Somehow she expected him to be fascinated by the prospect of indoor running water, but he did as she directed without fuss. She supposed she should stop and ponder why, but there were more pressing matters to take care of right now.
Jared winced at the discomfort he caused as he laid a warm, wet washcloth across Taylor’s shoulder. Plunging another under the running faucet, he studiously avoided another look in the mirror.
At last, he’d had a good look at the face he’d stolen. That the face wasn’t half bad looking didn’t make him feel any better about his act of thievery.
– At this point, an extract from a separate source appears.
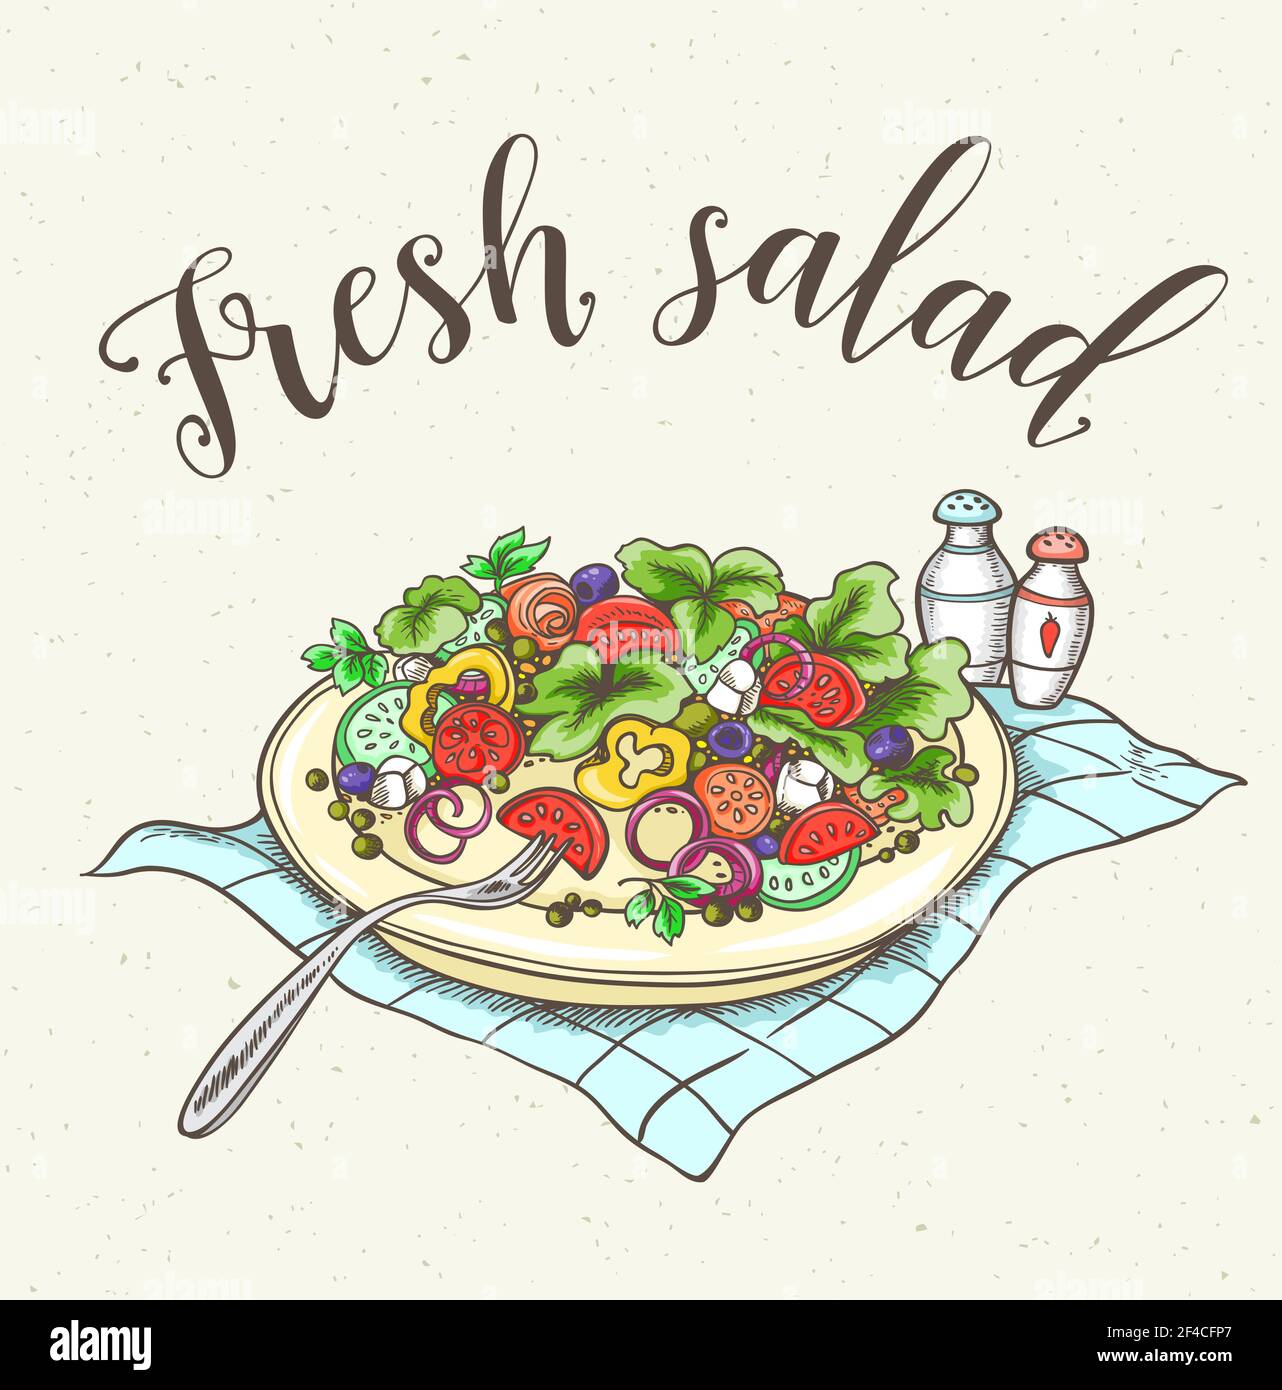 Fond vintage avec salade de légumes frais sur une assiette. Illustration vectorielle dessinée à la main. Salade de légumes frais sur une assiette Illustration de Vecteur

In fact, the surprising thing was that the face didn’t look too terribly different from the one he remembered. His borrowed hair was deep brown, the borrowed eyes blue. Just like his own.
Odd that he managed to choose a man who looked remarkably like himself.
As he waited for the damp cloths to do their work, he crouched before Taylor in the cramped space of this room filled with hard, shiny surfaces, and checked her over for other injuries. A prodigious amount of blood soaked her shirt, the knees of her pants, and crusted on her hands and forearms. Some splattered on the side of her face, probably from when the ball had grazed her shoulder.